**WORK ORDER**
Once the line with "imagen cóctel The" is found in the entries below, repeat it and each following line exactly, up to and including the line with "Bosch Werkzeug Hf-Anbaumotor". Add no other lines.

**DATA EXCERPTS**
******************************

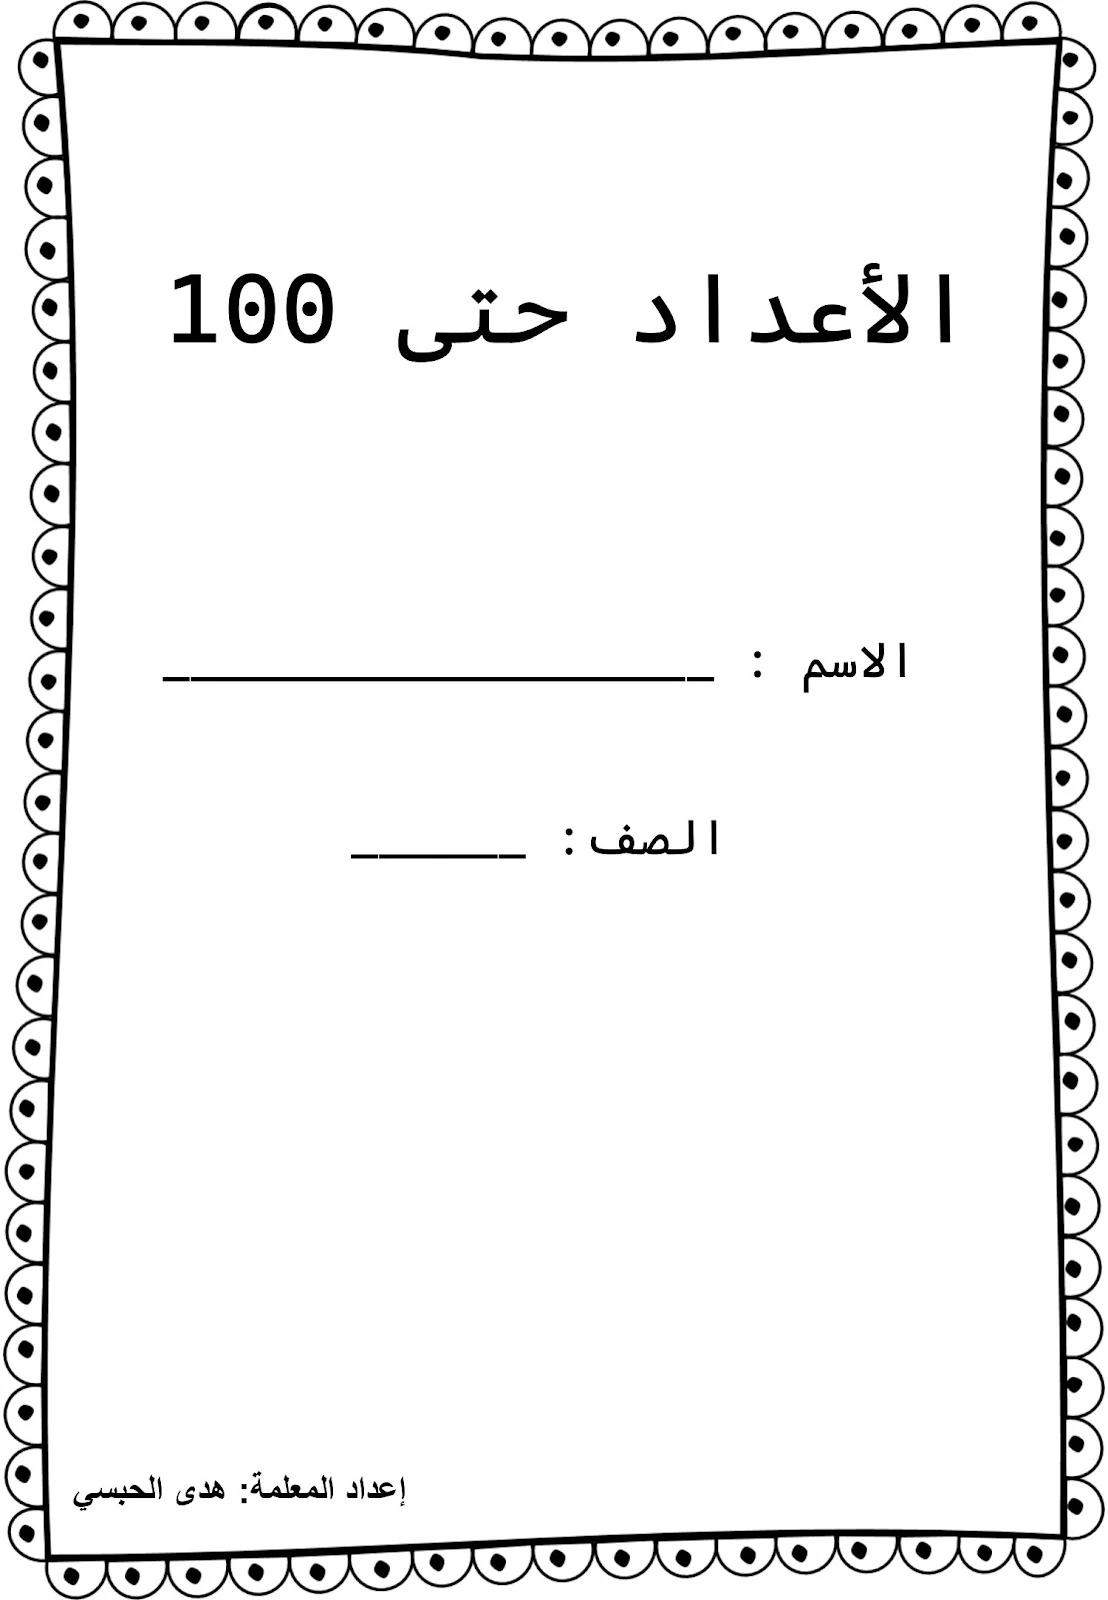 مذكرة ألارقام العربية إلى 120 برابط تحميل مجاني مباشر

******************************

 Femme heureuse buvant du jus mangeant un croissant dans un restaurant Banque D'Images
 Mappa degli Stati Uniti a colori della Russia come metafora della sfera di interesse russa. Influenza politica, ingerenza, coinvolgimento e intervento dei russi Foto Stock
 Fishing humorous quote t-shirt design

******************************

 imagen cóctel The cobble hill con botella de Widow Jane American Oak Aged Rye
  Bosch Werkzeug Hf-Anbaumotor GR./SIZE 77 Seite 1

******************************

**RESULT OF THIS TASK**
 imagen cóctel The cobble hill con botella de Widow Jane American Oak Aged Rye
  Bosch Werkzeug Hf-Anbaumotor GR./SIZE 77 Seite 1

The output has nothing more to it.